Daniel Milford sees Chironix’s work on the Aboriginal Heritage Project as vital to proving the company’s growth. Photo: Gabriel Oliveira

Perth startup Chironix has been selected to provide data analytics to the Aboriginal Heritage Project, an Adelaide-based effort to build a comprehensive genomic map of Aboriginal Australia.

The project, headed by researchers at The University of Adelaide and the South Australian Museum, is based on 6,000 DNA samples collected by Western Australian researcher Norman Tindale between the 1920s and 1960s during his expeditions into the country’s interior.

Chironix managing director Daniel Milford told Business News the company’s work on the project came about because of its relationships with Google, which recommended Chironix to the project’s leaders due to its capacity to analyse data on a massive scale.

“We are uniquely placed with our data engineering capabilities to do things with mass levels of data, and the AHP is one of those problems,” Mr Milford said.

The uptake of DNA mapping has grown in recent years, with improved technology and the advent of cloud computing cutting the cost of individual genome testing from upwards of $100,000 at the start of the 2000s to around $5 today.

The process remains elusive for many indigenous Australians, however, as there is little data to reference due to historical and social factors, such as the displacement of families of the Stolen Generations.

“If I go to [biotech company] ‘23andMe’ online and spit into a vile, send it off, it’ll come back and say I’m 73 per cent Caucasian, a bit Irish, bit of whatever else,” Mr Milford said.

“If an Aboriginal or Torres Strait Islander does that, it comes back saying they’re Polynesian, because there’s no data set to reference.”

So far, all of Professor Tindale’s samples have been tabulated as a data set.

Chironix will now take that information, which measures around 4 petabytes in size, and build an integrated map that connects the samples and makes sense of the data.

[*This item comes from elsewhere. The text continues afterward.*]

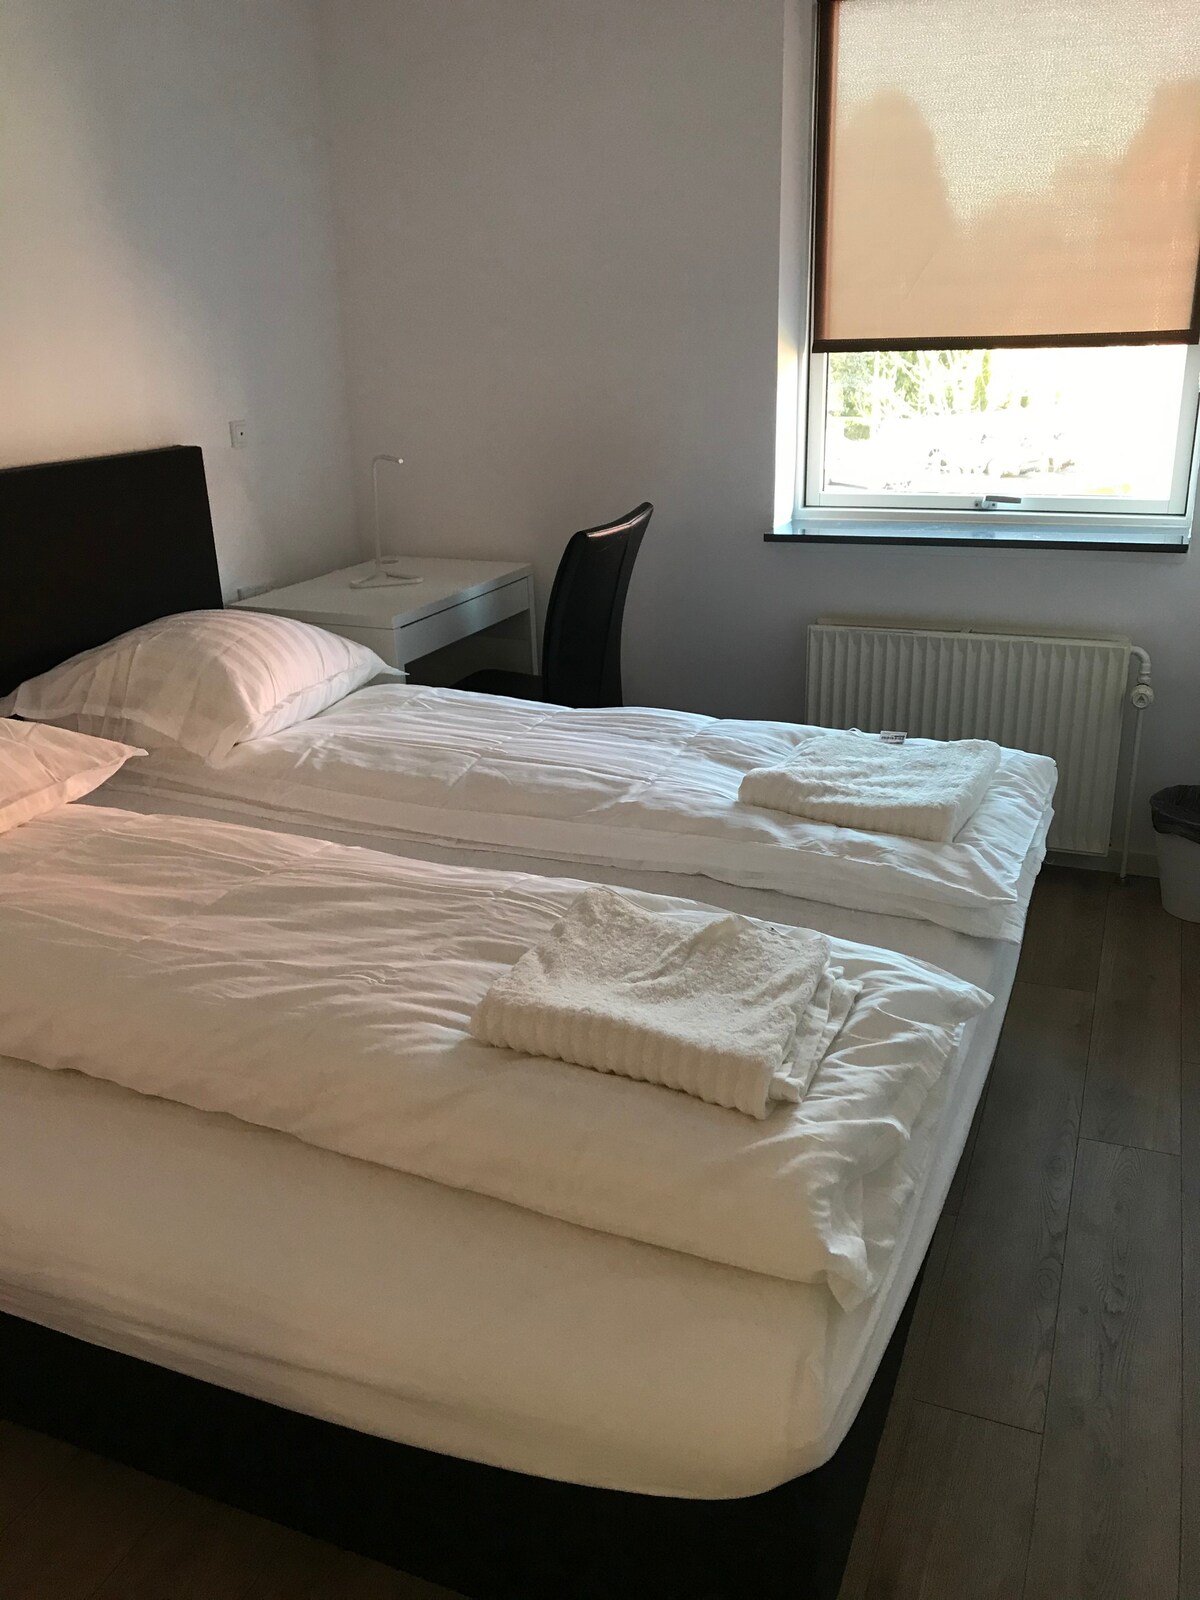 4）New renovated room in Hvidovre

“That’s where we’ve got involved, right at that point, to provide massive analysis capability,” Mr Milford said.

Building the map has involved extensive consultation with indigenous communities, with both the university and museum seeking permission to use DNA samples from descendants where possible, with additional oversight and guidance from community leaders.

“We’ve got the South Australian Museum with its indigenous steering committee, the University of Adelaide with its committee, and a project-specific generated group as a steering committee,” Mr Milford said.

“We’re very much ethically, morally, right in line with what the indigenous elders want us to do.”

Mr Milford said while he took a personal interest in indigenous Australian history, he pictured Chironix’s work on the project as proving its capabilities in the field of genomics.

Government and philanthropic funding would be vital for the work to be effectively completed, however.

“With this program, as we scale the number of samples we go through and actually build the cloud computational capabilities on the back of that, it’s perfecting our art as well,” Mr Milford said.

“This is part of our development.

“We’ve got the data, we’ve got the science, we just need the funds and we’re good to go.”

Mr Milford founded Osborne Park-based Chironix in 2017, with clients predominantly in the defence industry.

The company has since expanded to cover a broad array of specialties, including applied robotics, AI, and internet of things integration.